The first count of the information was couched substantially in the language of G.S. 1949, 21-430, to the effect that defendant on or about December 25, 1959, in Labette county, Kansas, did willfully, unlawfully, feloniously, on purpose and of malice aforethought, maim, disfigure and disable the limbs and hand of Fred Stegmeir, by breaking his right wrist and his left hand. The second count alleged the commission of felonious assault in violation of G.S. 1949, 21-431, which count was dismissed by the state at the trial and need not be restated or considered here. Therefore, the sole remaining charge was mayhem.

The first witness for the state was Doctor John P. White who saw Stegmeir between 1:00 and 2:00 p.m. on December 30, 1959. Doctor White stated that Stegmeir's condition at that time was one of weakness, shock, neglect and malnutrition. He thought Stegmeir had been involved in some sort of a terrific trauma or an accident. Stegmeir's head was severely bruised, and both hands and wrists appeared to have been crushed but it was not his concern as to how it happened. He informed defendant that Stegmeir had to go to the hospital or he was going to die, and he would probably die anyway. Defendant stated she was his nurse and would not grant the permission. Later that afternoon defendant called Doctor White stating, "... they had decided she would let him go to the hospital," and according to Doctor White's directions she sent Stegmeir to Mercy Hospital just outside of Parsons.
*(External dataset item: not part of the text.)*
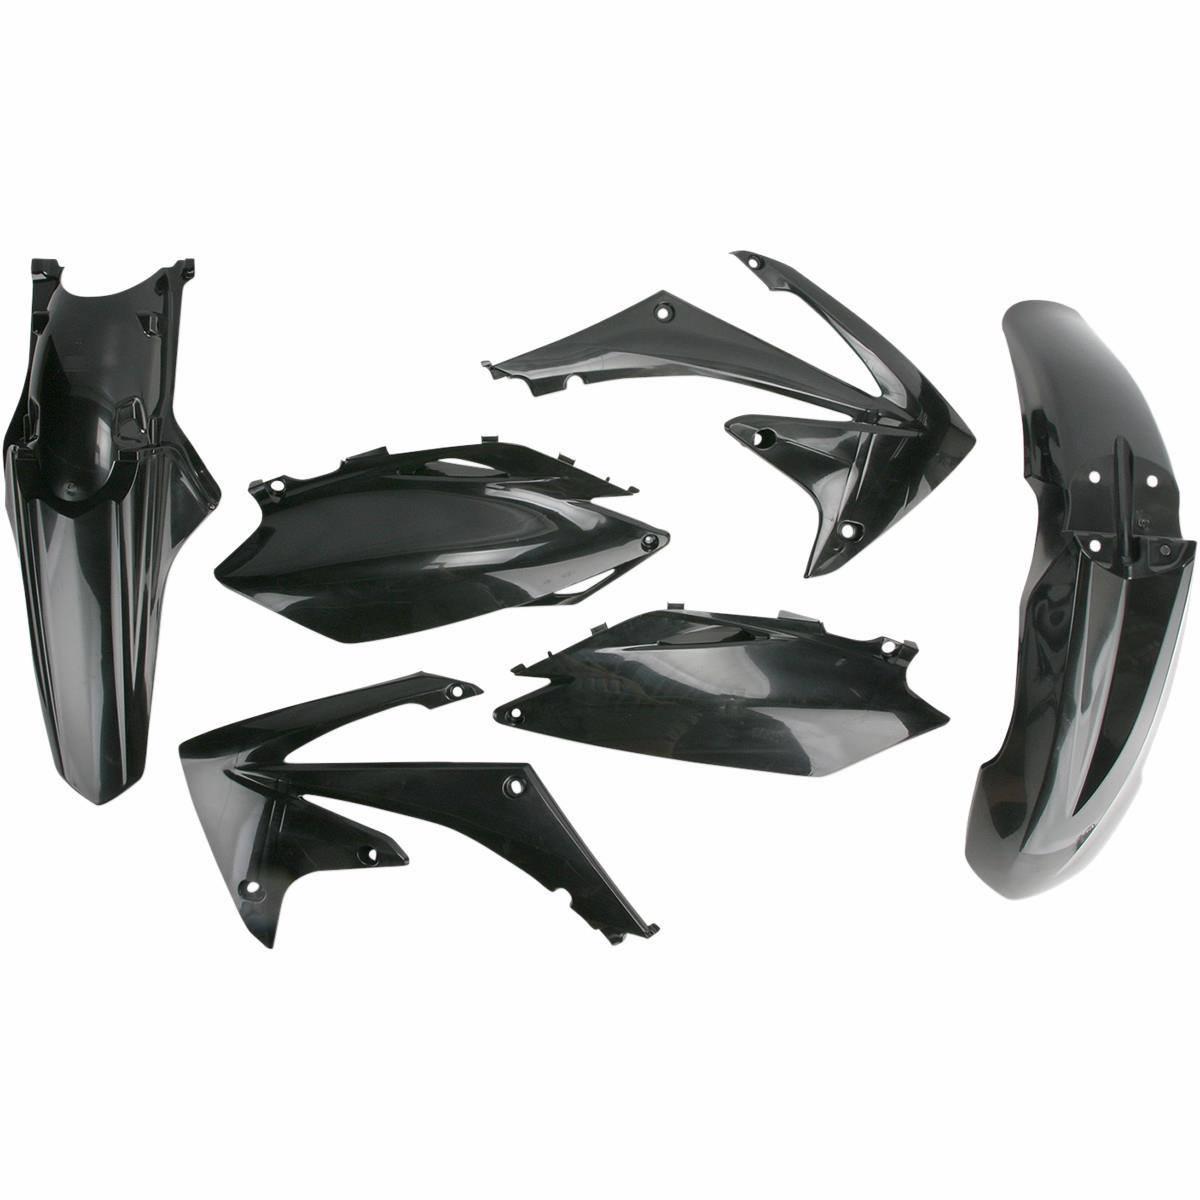 2685830001 Acerbis Plastic Kit Black 2018 Kawasaki KX450F
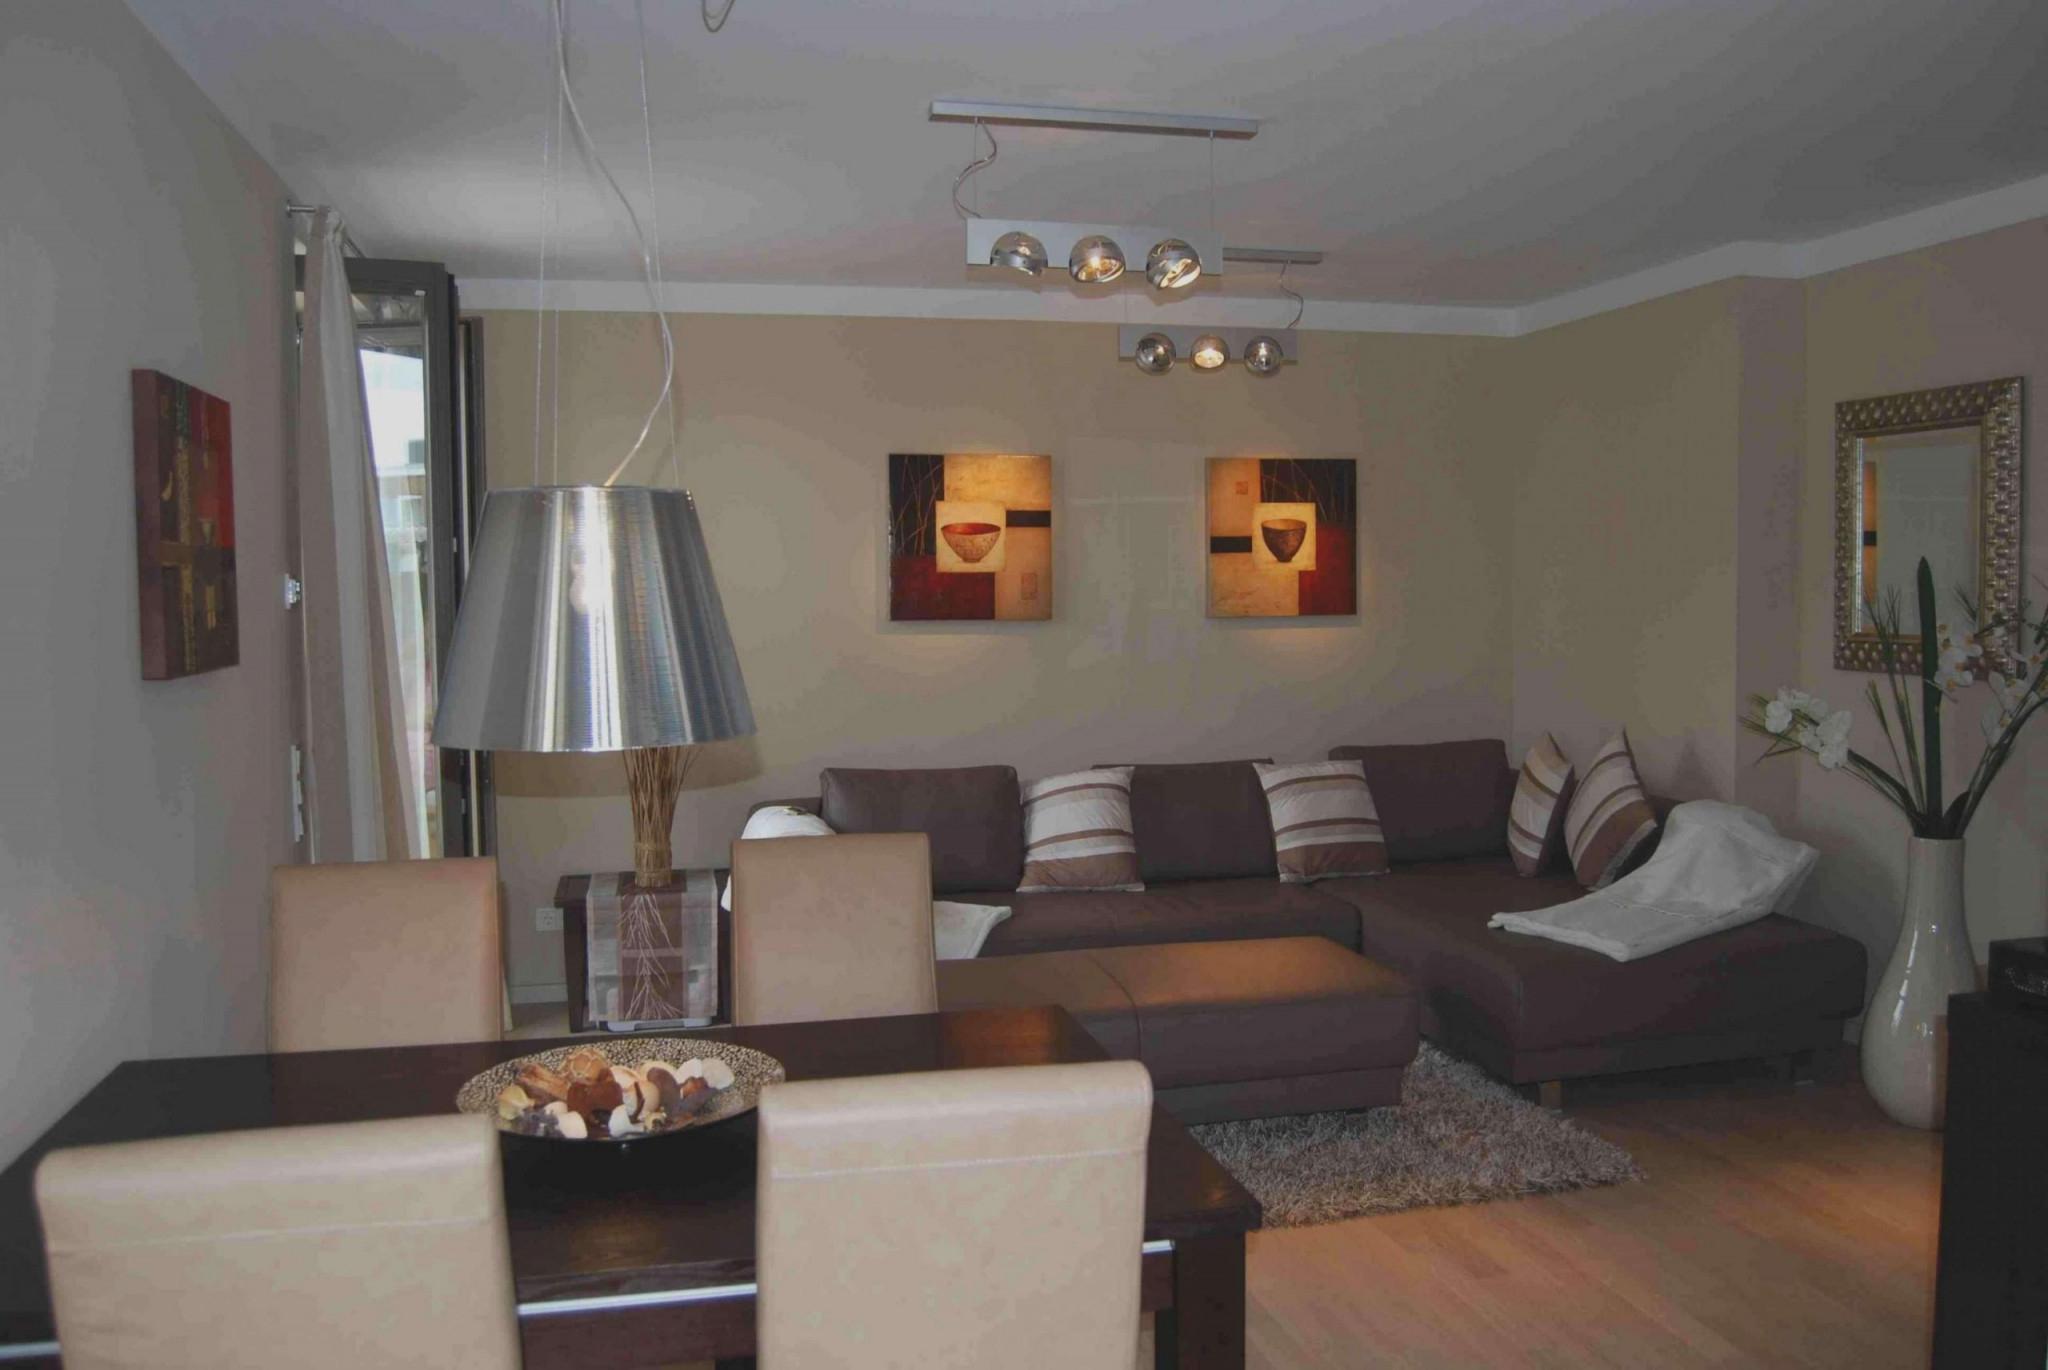 30 Luxus Kleines Wohnzimmer Mit Essbereich Einrichten von Wohnzimmer 30 Qm Einrichten Bild

Doctor White further testified, "I do have a judgment as to how his wounds could have been inflicted, by some manner, of which I am not stating ...," and Doctor White, in answer to a question as to any distinctive or unusual marks he noticed on Stegmeir's body answered, "Yes. He was beaten, and had bruises " and then he went on with the qualifying remark, "I did not state ... how...," and the next answer was that Stegmeir had multiple contusions, abrasions, lacerations and ecchymosis on the head, arms, and wrists which appeared to be about one week old. There were peculiar marks on the wrists and swelling, but no other marks *835 on the body. The wrists appeared to have a great amount of swelling which could have been caused by constriction. The deformity of the hands was partially due to the fracture of both wrists and hands and partially due to constriction of both wrists. Pictures of Stegmeir which had been taken after Stegmeir's death were identified by Doctor White.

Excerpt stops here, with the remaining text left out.